Turrivalignani, sfida su trasporti e turismo

Il paese chiamato a scegliere se confermare il sindaco uscente Placido o cambiare con Francescone
TURRIVALIGNANI. Il potenziamento del trasporto pendolare per studenti e lavoratori, un “fondo nascita” per aiutare le famiglie, risanamento di impianti sportivi, oltre alla valorizzazione delle 47 case di terra cruda del territorio, della pineta, dei calanchi e delle grotte naturali di Turrivalignani (750 abitanti) e dintorni. Sono i prossimi obiettivi del sindaco uscente Giovanni Placido, 64 anni, che sta per concludere la campagna elettorale in vista delle elezioni di domenica e lunedì, contro lo sfidante, Fabrizio Francescone, 44 anni, poliziotto in servizio a Chieti, originario di Penne e attuale consigliere di opposizione al Comune di Pietranico.

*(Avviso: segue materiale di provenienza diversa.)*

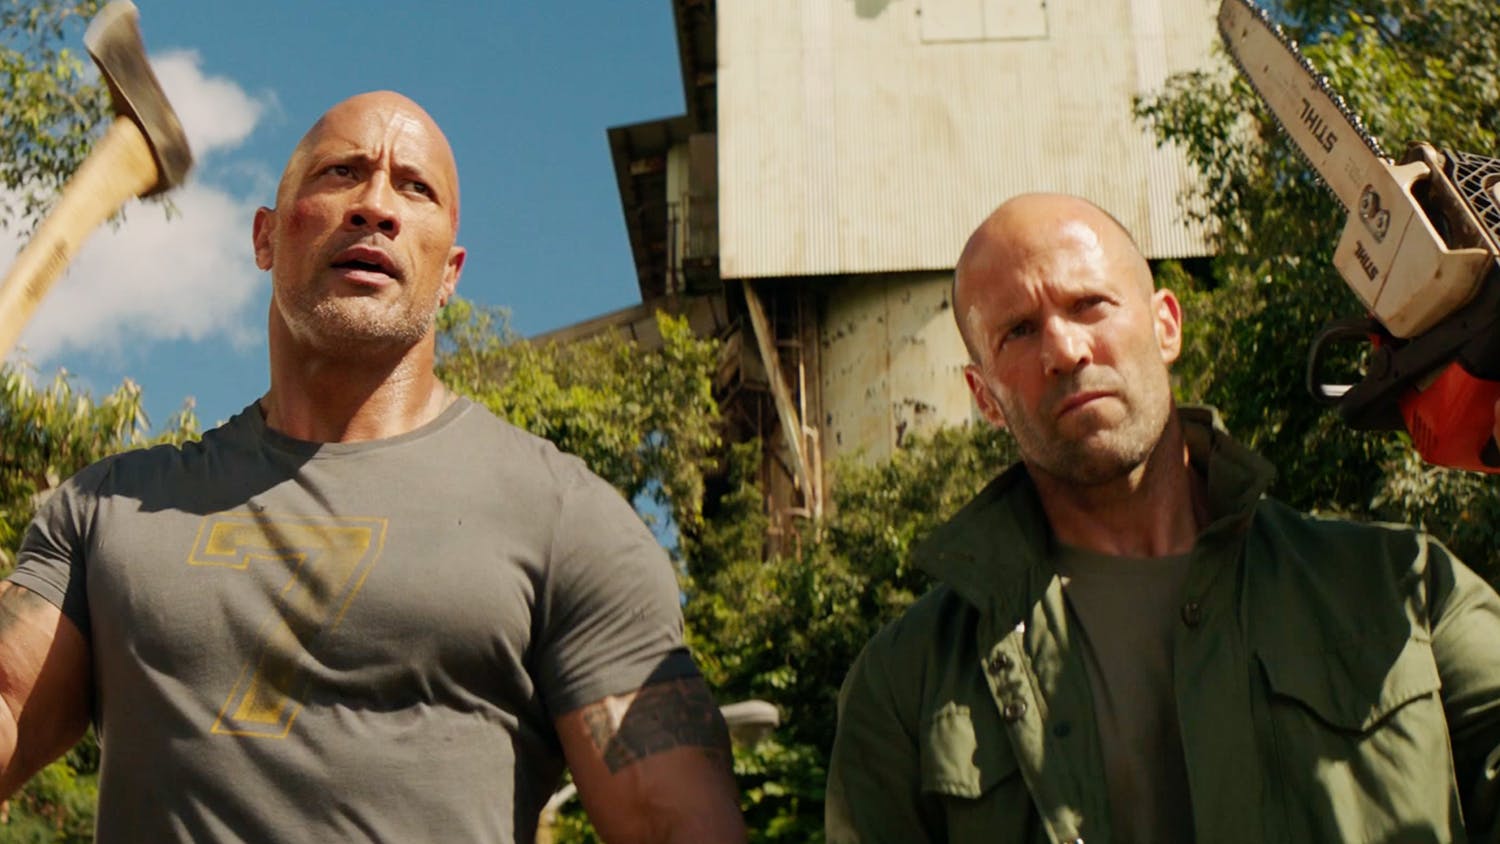 Hobbs & Shaw: 13 Things We Learned From Director David Leitch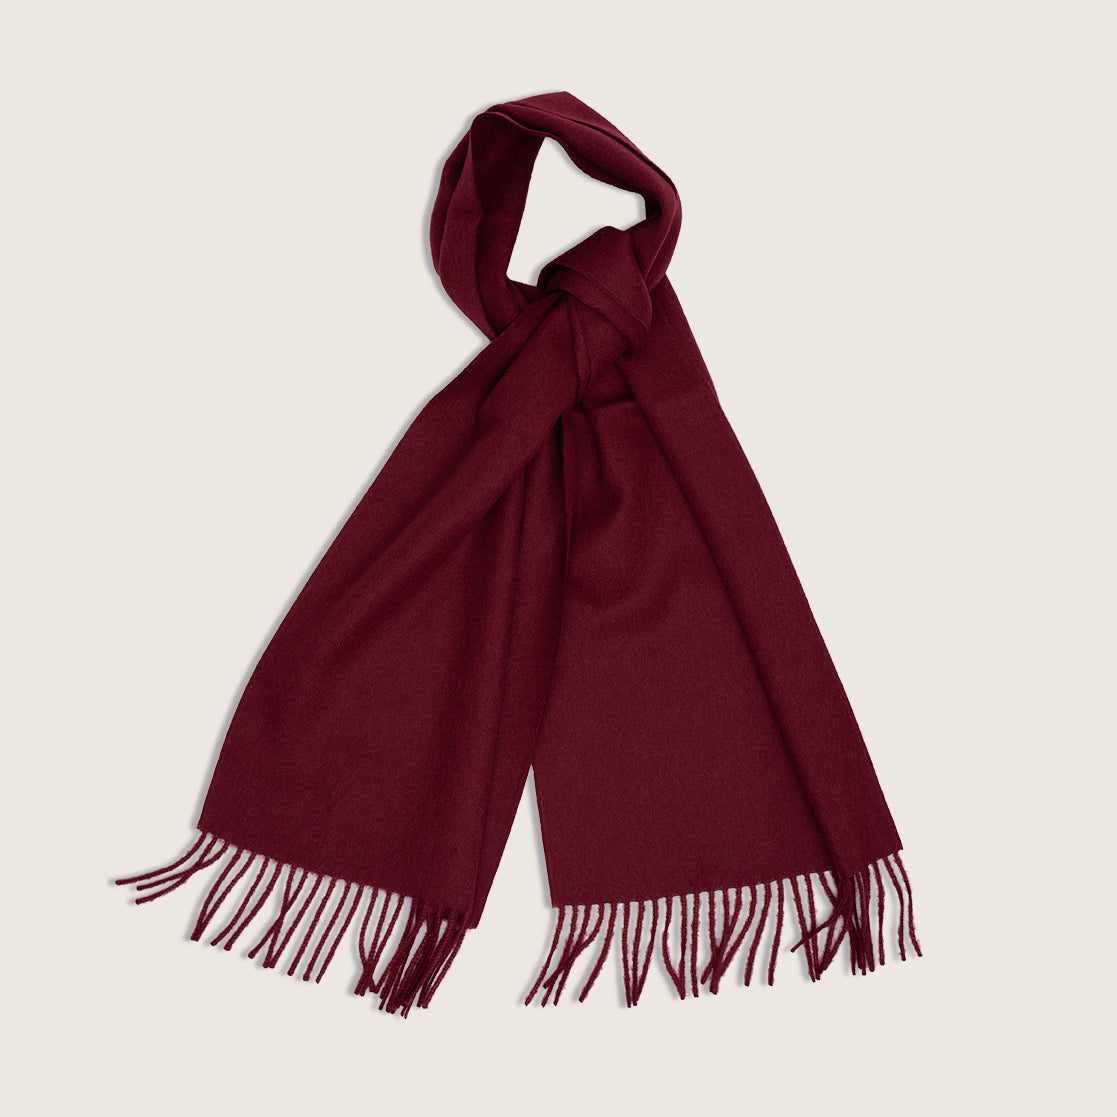 French contemporary artisan brand Timothee Paris bordeaux baby alpaca minimal scarf knotted

Francescone, ex militare in Afghanistan col 9° reggimento Alpini, padre di due figli di 16 e 13 anni (ha inserito nella lista 4 colleghi della polizia e 6 della penitenziaria) punta alla creazione di posti di lavoro attraverso la realizzazione di una tartufaia su terreno demaniale, il posizionamento di impianti di videosorveglianza per potenziare la sicurezza in paese, spazi per anziani e disabili e giochi inclusivi.
Placido, classe 1959, (lista Idea Futura con giovani lavoratori, laureati in giurisprudenza e informatica e pensionati) ricorda: «Gli ultimi anni sono stati molto difficili con la pandemia, ma siamo riusciti a portare a termine tanti progetti, tra cui il consolidamento idrogeologico del centro storico e il risanamento del dissesto di bilancio. Tra i progetti in cantiere anche la tutela della pineta che sovrasta il paese e la conservazione di grotte e calanchi», per il rilancio turistico del territorio. Il sindaco si dice favorevole al raddoppio ferroviario: «Permetterebbe di risolvere le criticità nei trasporti di studenti e pendolari». Inoltre «assegneremo nuovi lotti per insediamenti industriali, promuoveremo il tempo pieno alla primaria, la creazione di locali al chiuso e all’aperto per giovani, anziani, bimbi e disabili, la revisione del piano regolatore»". Tra gli altri obiettivi dello sfidante Francescone, infine, «la razionalizzazione delle spese in bilancio senza incidere sulla qualità di vita dei cittadini; le opere di manutenzione dell'acquedotto e della rete fognaria; un piano di studio per la salvaguardia del paesaggio e del mantenimento delle tradizioni locali con l'organizzazione di mostre, sagre e fiere; tutela e incentivi per zone agricole, spazi per anziani, miglioramento della viabilità» con particolare attenzione «alle vie provinciali e dell'Anas e valorizzazione del centro storico». (c.co.)